Saat Jibril memberitahu Rasulullah, langkahnya begitu cepat sehingga pasir putih meluncur dari sandal-sandalnya yang kian hancur. Beliau menggambarkan kekhawatiran bahwa malaikat mungkin mendahuluinya untuk memandikan Sa'ad, sebuah tangisan kepedihan bagi hamba Allah yang mendekati keabadian.

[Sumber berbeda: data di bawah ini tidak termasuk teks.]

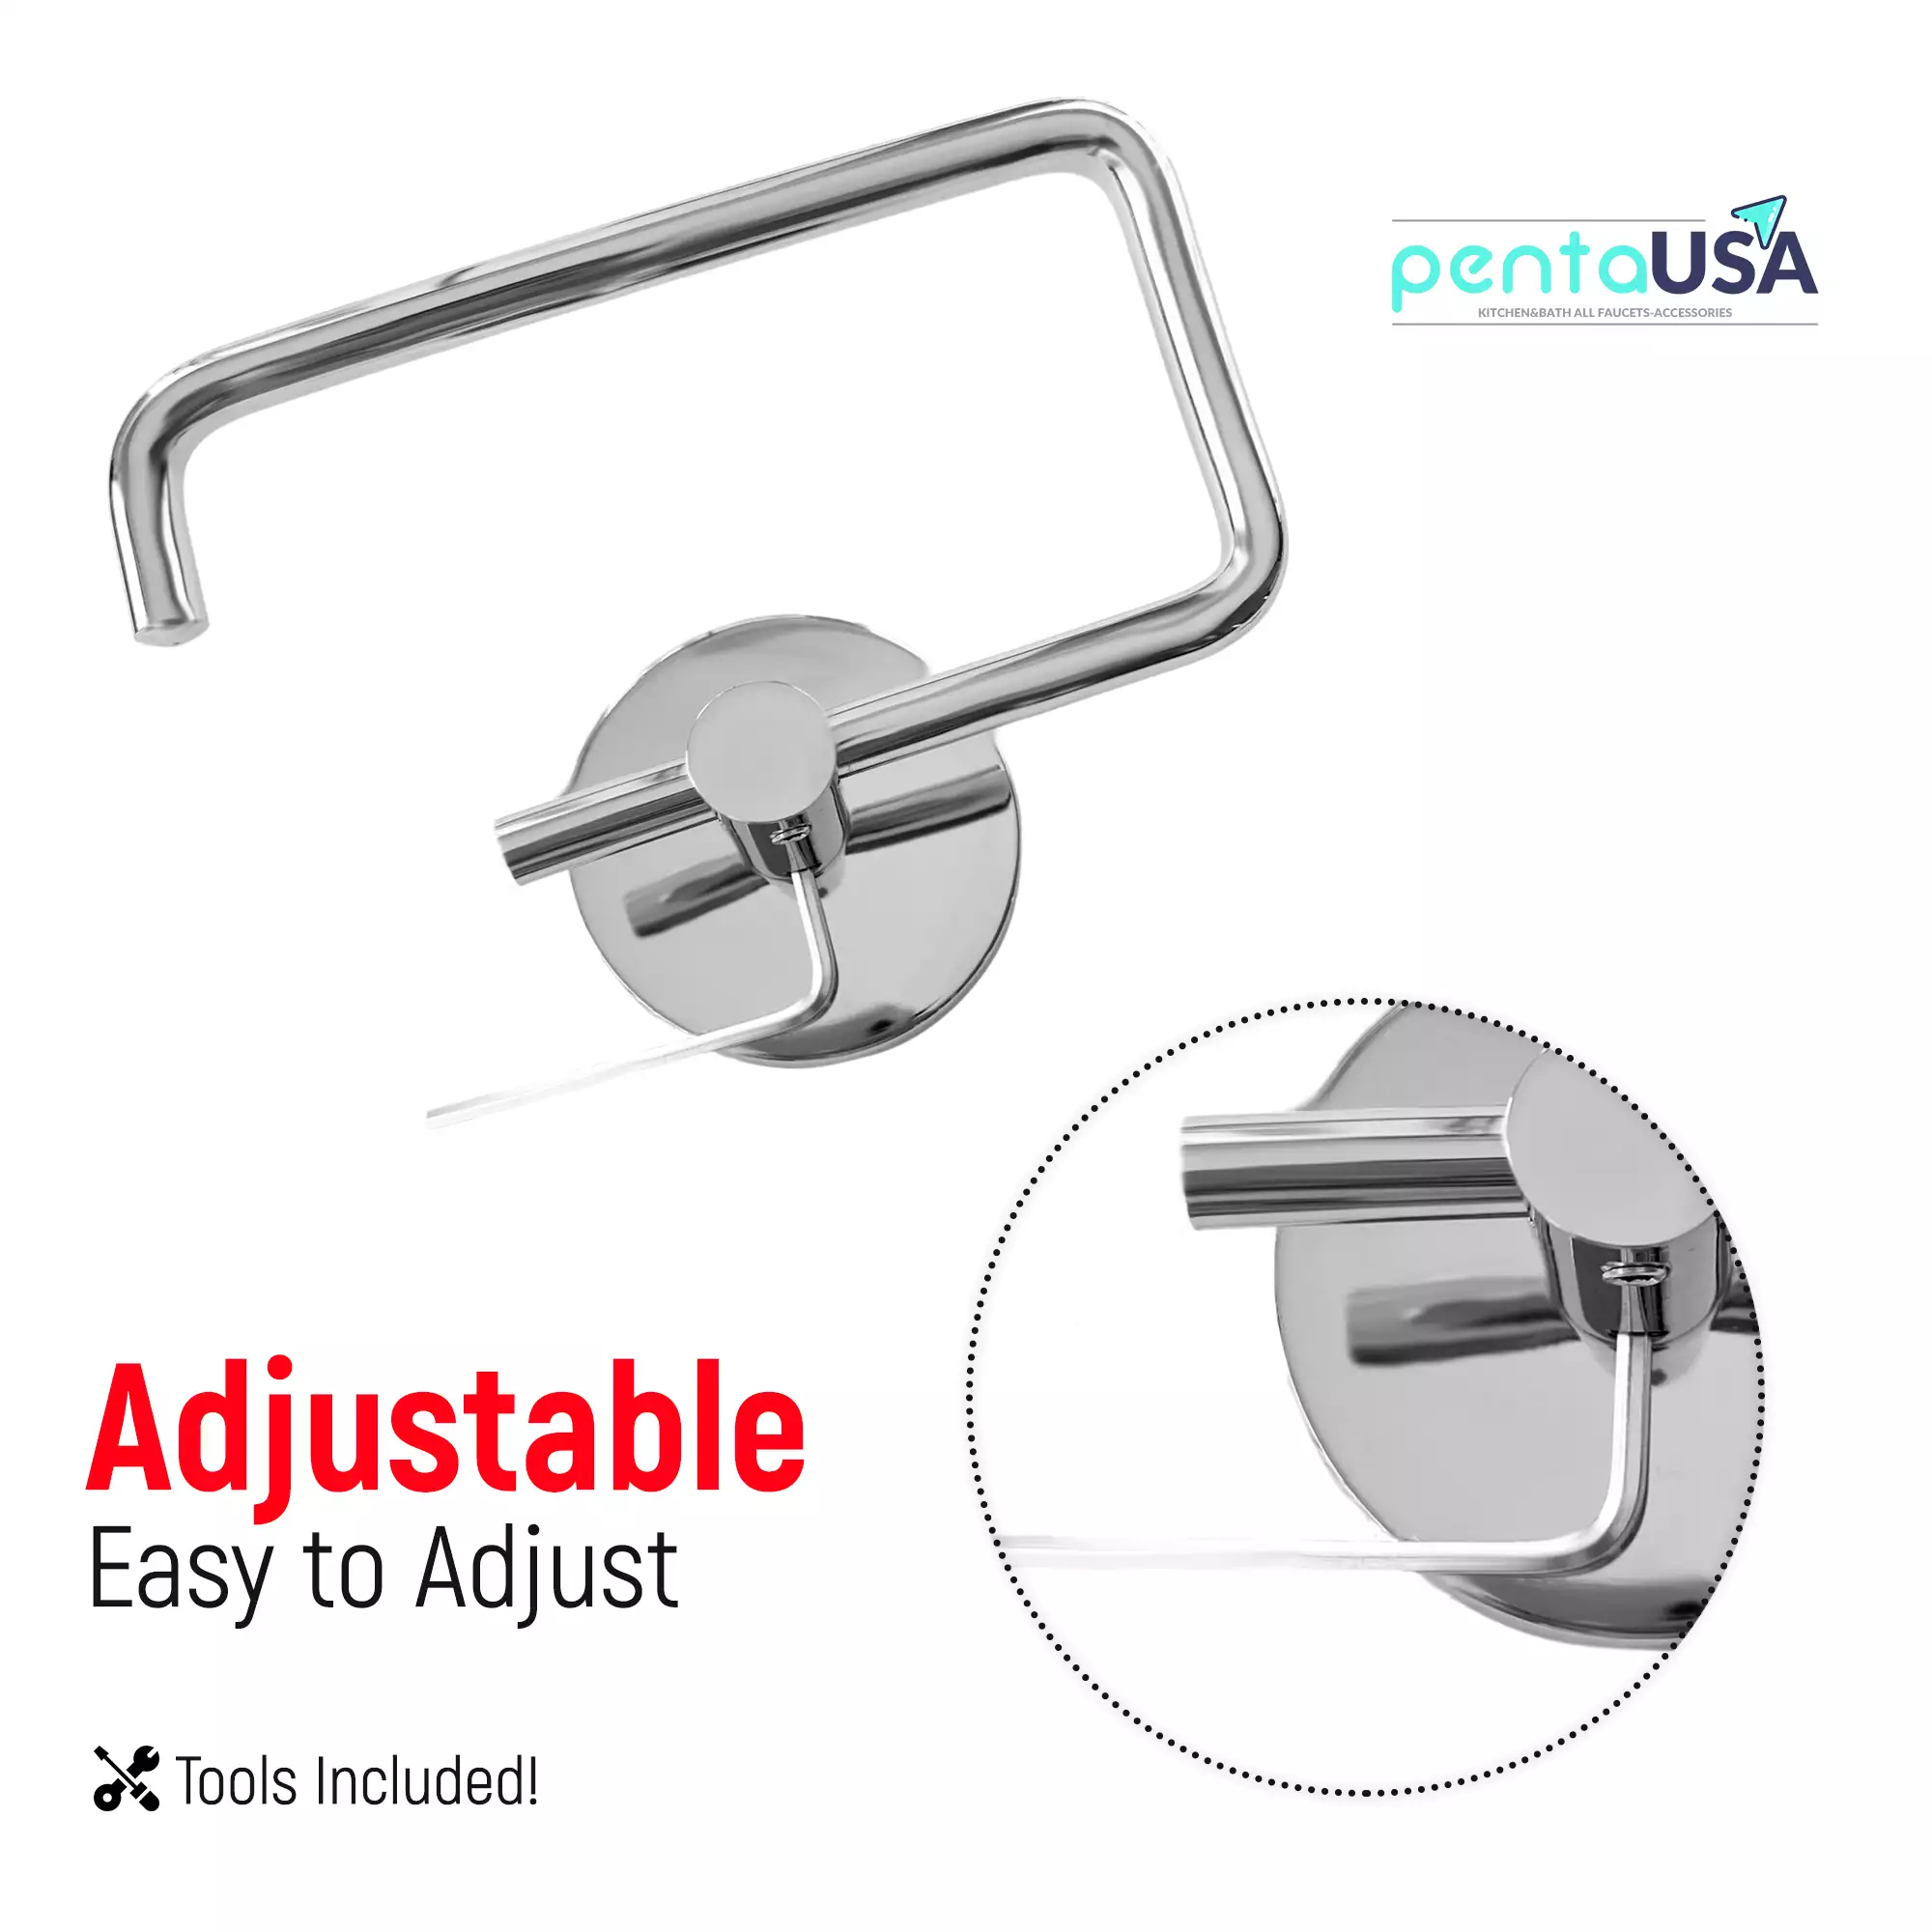 Stainless Steel Suction Cup Paper Towel Holder Spare Toilet Paper Holder USA
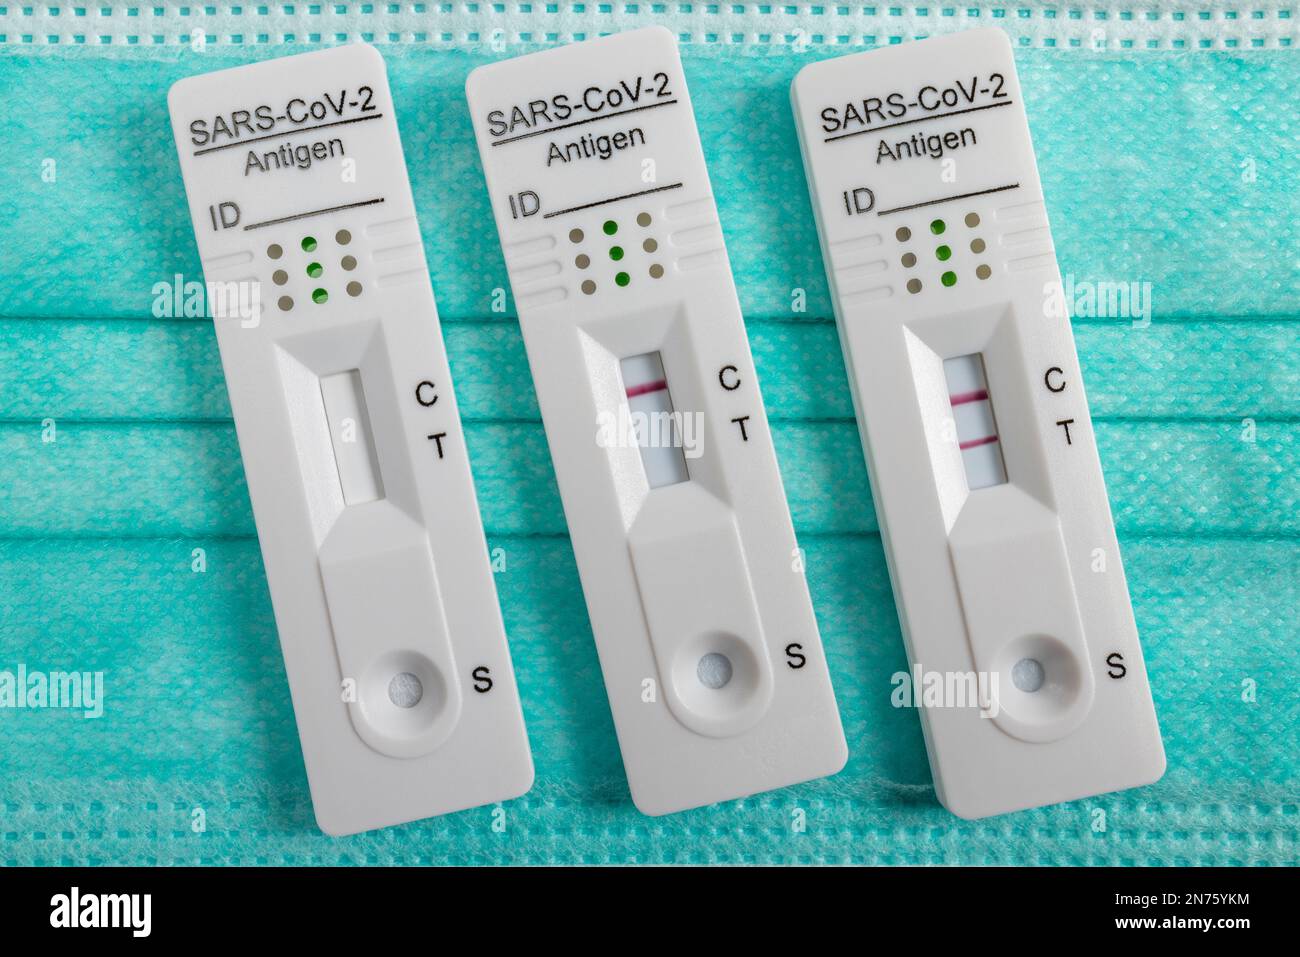 Medical Mouth Nasal Protective Mask, three Rapid SARS-CoV-2 Antigen Test Cassettes, one new antigen test cassette and two used ones, with one negative and one positive test result, Stock Photo

Sampai di rumah Sa'ad, Rasulullah bersabda, "Aku khawatir malaikat akan mendahului kita dan memandikannya seperti mereka memandikan Hanzalah." Kedahsyatan momen itu tercermin dalam air mata Nabi yang mengalir, membasahi janggutnya yang suci.
Kuburan Baki' bergemuruh saat jasad Sa'ad turun, takbir Rasulullah dan kaum Muslimin menggetarkan makamnya. "Kubur yang menyesakkan bagi saudaramu," ucap Rasulullah, mengisyaratkan kebesaran dan kekhususan saat Sa'ad menghadap Sang Pencipta.
Air mata Rasulullah tidak berhenti mengalir, menyirami bumi dengan kedalaman rasa kehilangan. "Inilah hamba shalih yang digetarkan Arasy untuknya, langit dibukakan untuknya," ujar Beliau, memberikan penghormatan terakhir pada Sa'ad bin Mu'adh.
Namun, kehebatan Sa'ad tidak hanya terletak pada saat kematiannya. Di antara gemuruh perang Khandak, dia berdoa dengan mata yang penuh keimanan, memohon agar dia tidak wafat sebelum menyaksikan hukuman yang adil bagi pengkhianat Bani Nadhir. Doanya diijabah, dan saatnya tiba, Sa'ad dengan tegas menjatuhkan fatwa hukuman yang layak bagi kaum yang mengkhianati perjanjian.
Iman Sa'ad, ketulusan hatinya, dan keberanian dalam menegakkan keadilan menggambarkan puncak heroisme dan epiknya dalam perjalanan hidup yang singkat namun megah.